Procédure expéditive. Alors que certains pensait qu’ils finiront le temps de la garde-à-vue tout s’est vite allé. Tout d’abord c’est le directeur de publication du journal « L’Alternative » qui a été convoqué le 9 décembre 2021 sur plainte de deux ministres pasteurs membres du gouvernement Dogbé, selon l’avocat de la défense pour « outrage à autorité et diffamation ». Il sera suivi par son co-invité dans l’émission Joël Egah et l’animateur Isidore Kouwonou. Les trois journalistes intervenaient dans une émission sur une chaîne You Tube du journal l’Alternative.

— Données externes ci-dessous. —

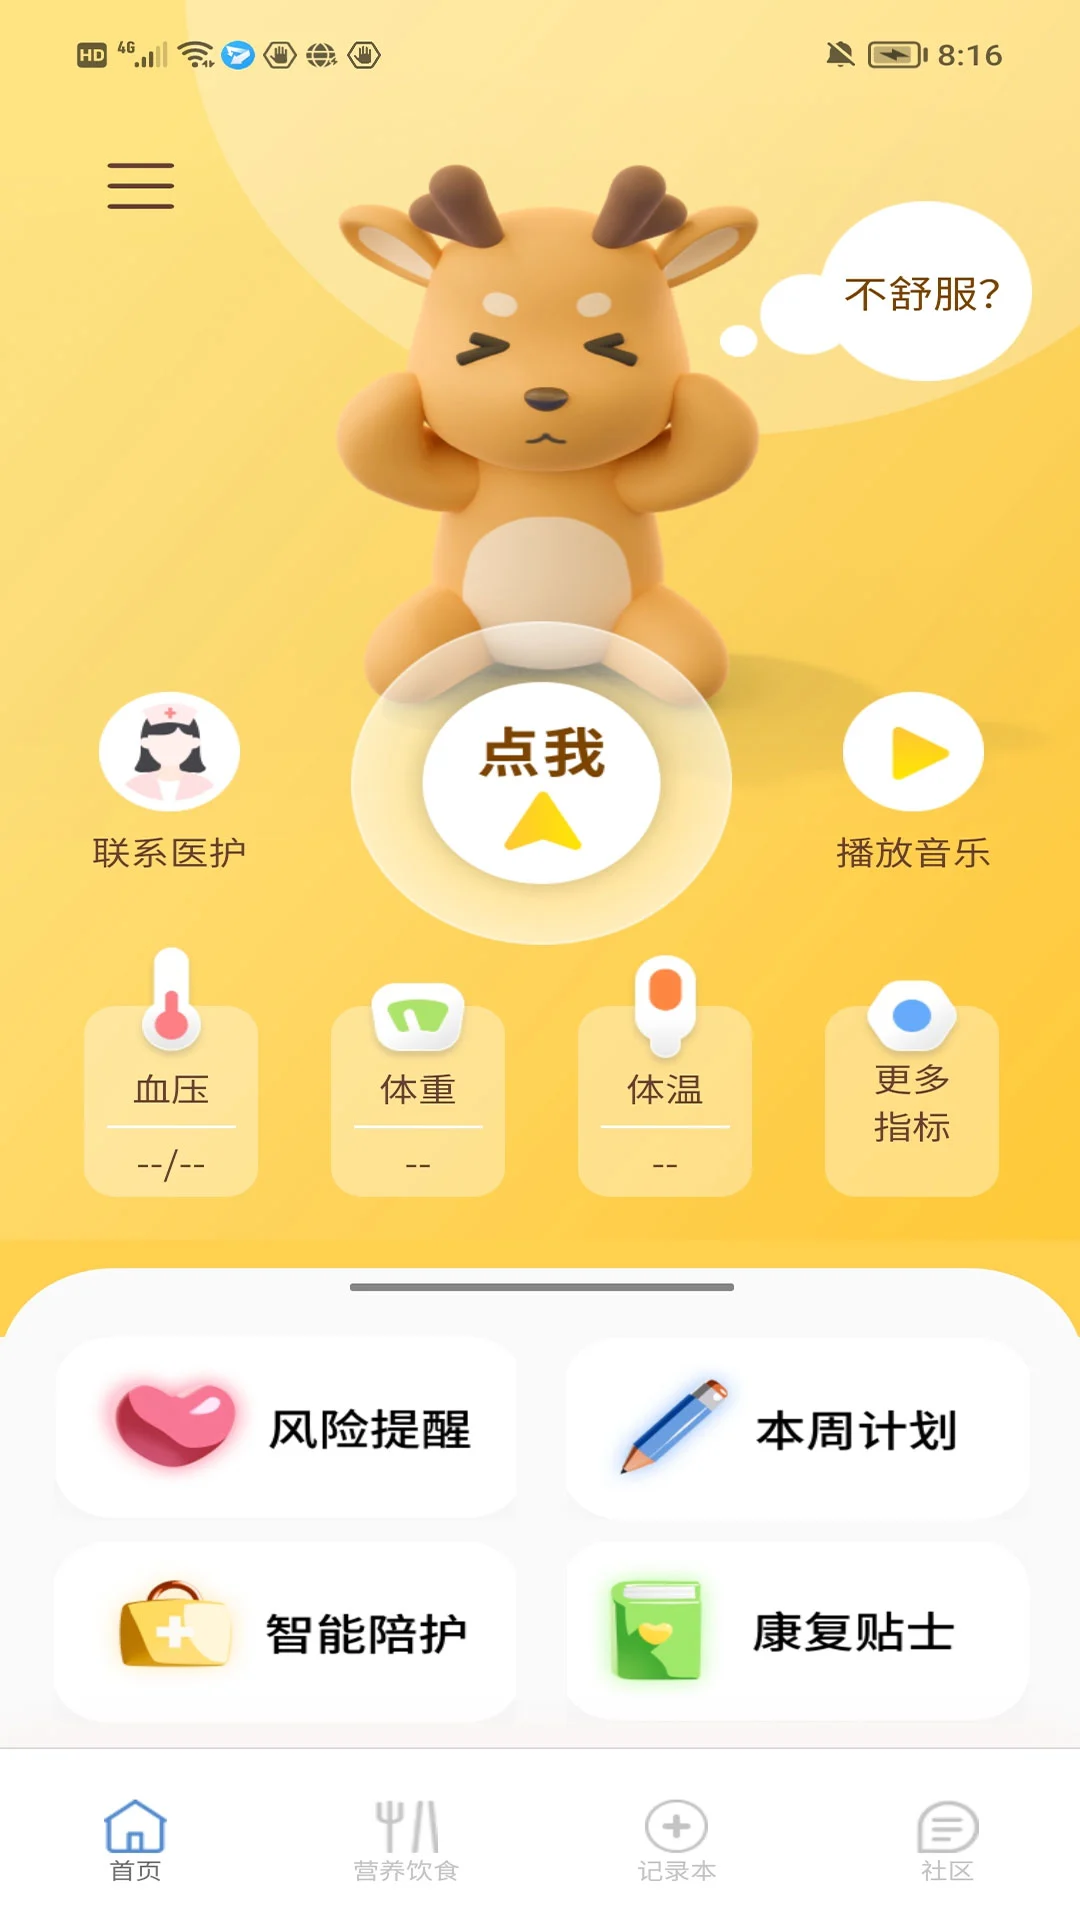 医鹿相伴注册登陆_医鹿相伴手机版app_网上注册医鹿相伴号v1.4.10

Au cours de la procédure, au lieu que le code de la presse leur soit appliqué comme il l’est pour les journalistes, c’est l’article 490 du code pénal qui leur est opposé parce que dit-on, ils n’ont pas utilisé le canal d’un média.
Les accusés contestent cette procédure et refusent de parler. C’est ce qui a certainement accéléré leur placement sous mandat de dépôt. Conduit en fin de soirée chez le procureur de la République. Ce dernier a décerné contre Ferdinand Ayité et Joel Egah un mandat de dépôt et placé sous contrôle judiciaire Isidore Kouwonou. Les deux premiers ont été conduits dans la nuit à la prison civile de Lomé alors que Kouwonou a quant à lui regagné son domicile.

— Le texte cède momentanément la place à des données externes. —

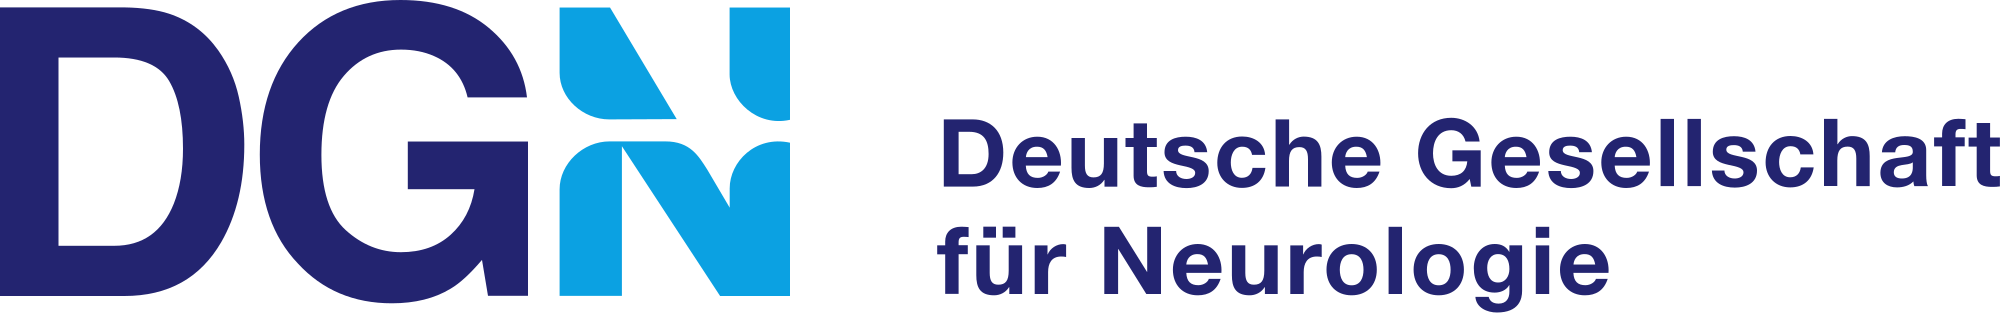 DGN - Deutsche Gesellschaft für Neurologie Logo

Depuis 17 ans, c’est la première fois qu’un journaliste est condamné au Togo pour délit de presse. En effet, la dépénalisation des délits de presse faisant partie des 22 engagements pris par le Togo en 2004 devant l’Union européenne pour la reprise de la coopération rompue avec le Togo pour déficit démocratique.
Le verdict vient de tomber en pleine nuit, pour l’heure, pas réaction des organisations de défense de la presse.
Ferdinand Ayité, faut-il le rappeler est l’un des journalistes d’investigation du Togo le plus connu tant à l’intérieur du pays qu’à l’extérieur. Il est l’origine de l’affaire dite « petrole-gate ».